Finding Structure in Wikipedia Edit Activity

Ramine Tinati, Markus Luczak-Roesch, Wendy Hall
  • January 2016, ACM (Association for Computing Machinery)
  • DOI: 10.1145/2872518.2891110

Generating additional article links in Wikipedia from matching phrases in edit activities

What is it about?

We apply the temporal data mining approach Transcendental Information Cascades [1,2,3] to the Wikipedia edit stream. The method generates a temporally ordered network of information occurrence, which is then used to infer associations between Wikipedia articles. [1] Luczak-Roesch, M., Tinati, R. and Shadbolt, N., 2015, May. When resources collide: Towards a theory of coincidence in information spaces. In Proceedings of the 24th International Conference on World Wide Web (pp. 1137-1142). ACM. [2] Luczak-Roesch, M., Tinati, R., Van Kleek, M. and Shadbolt, N., 2015, August. From coincidence to purposeful flow? properties of transcendental information cascades. In Proceedings of the 2015 IEEE/ACM International Conference on Advances in Social Networks Analysis and Mining 2015 (pp. 633-638).

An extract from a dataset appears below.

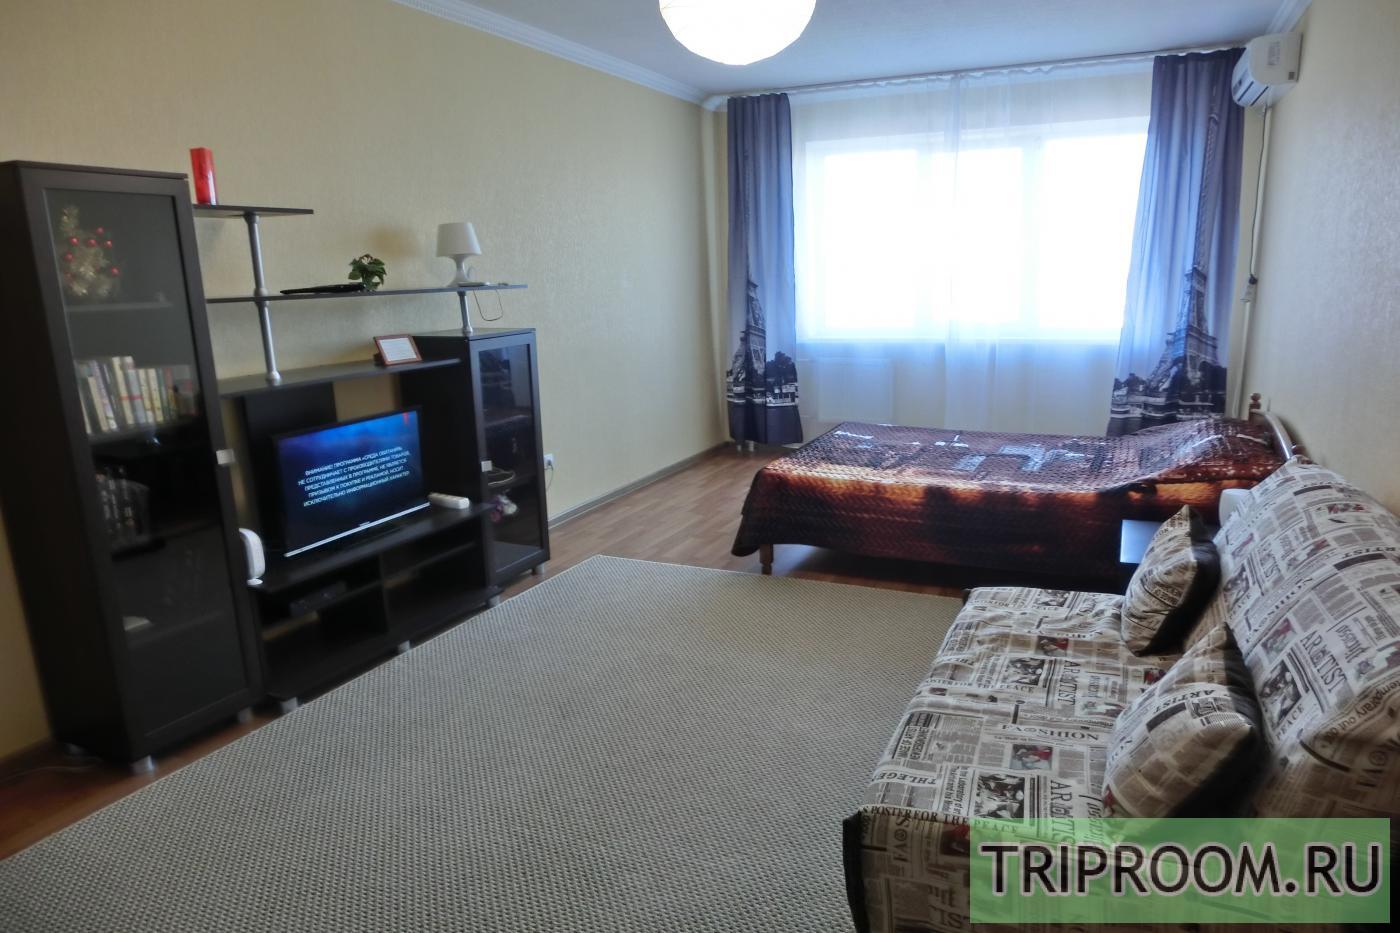 1-комнатная квартира посуточно (вариант № 10598), ул. Фабричная улица, фото № 2

ACM. [3] Luczak-Roesch, M., Tinati, R. and O'Hara, K., 2017. What an entangled Web we weave: An information-centric approach to socio-technical systems. PeerJ Preprints, 5, p.e2789v1.

Why is it important?

We find that a significant portion of these associations is not present in Wikipedia as links, so we are able to extend the explicit linking structure of Wikipedia. Furthermore, these new associations can be related to real-world events (e.g. political debates), hence, being a suitable starting point to detect potential biases being injected into Wikipedia content.